Could you say labor is forced if you have a choice between starvation and labor? If such is the case, I wish I wasn't forced to work for money in this society and then exchange it for goods and seek out the most favorable deal.
The situation with the Incas was that, without the force coordination necessary to conduct agriculture in the mountains, everyone would die. Where does that fall on the nature versus man spectrum?
The Inca used forced labor to build temples and roads and provide food and other goods to the military. Cooperative farming can certainly become more efficient with additional infrastructure like irrigation and food storage, but I find it hard to believe that the tradeoff here is starvation vs massive cleptocratic absolute monarchy. It went way beyond the need to grow food cooperatively. And in fact, the only way that you would end up with all of this labor available for armies and temples and so on is by generating large food surpluses, so it's clear they weren't on the boundary of starvation. How did I work, I wonder, before there was an emperor?

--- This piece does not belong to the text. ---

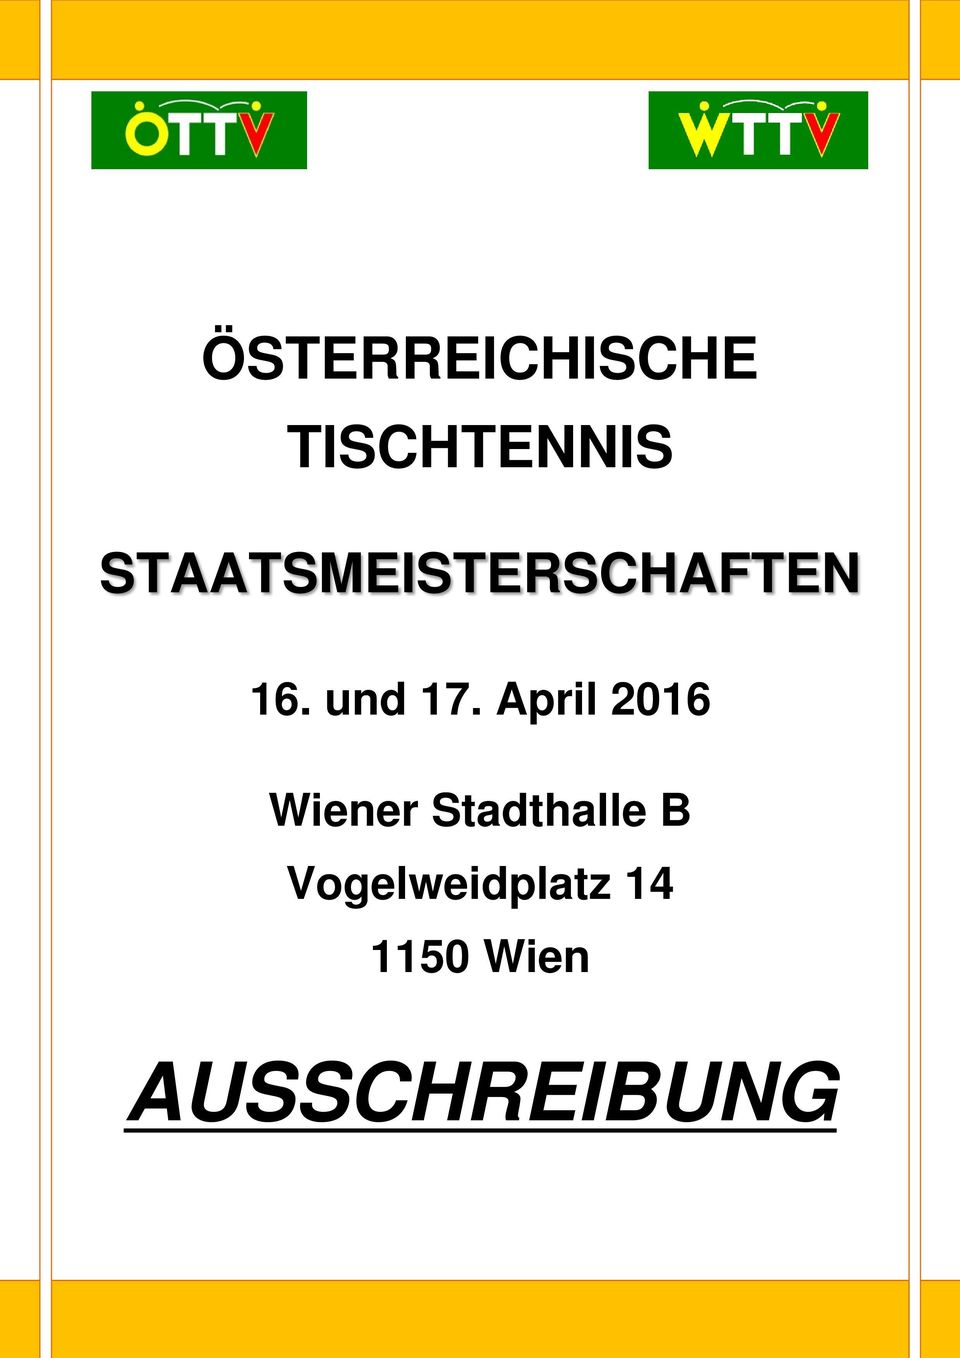 April 2016 Wiener Stadthalle B

That said, we currently use money to build roads and provide food and other goods to the military, which we fund through taxes. Taxes are just a more nuanced, easier-to-administer form of "provide x% of your labor to the central authority". The evil part here is the absolute monarchy that makes self-interested decisions about what to do with that labor, but the Inca were hardly alone in that respect.
Oh, no argument against that really. It still falls under the compelled by another man side of the spectrum, but I've long held the belief that collectivist forms of society were necessary in more primitive times.
Only with technological progress are we capable of stronger individualism.
I only mean to answer the question, "Could you say labor is forced if you have a choice between starvation and labor?"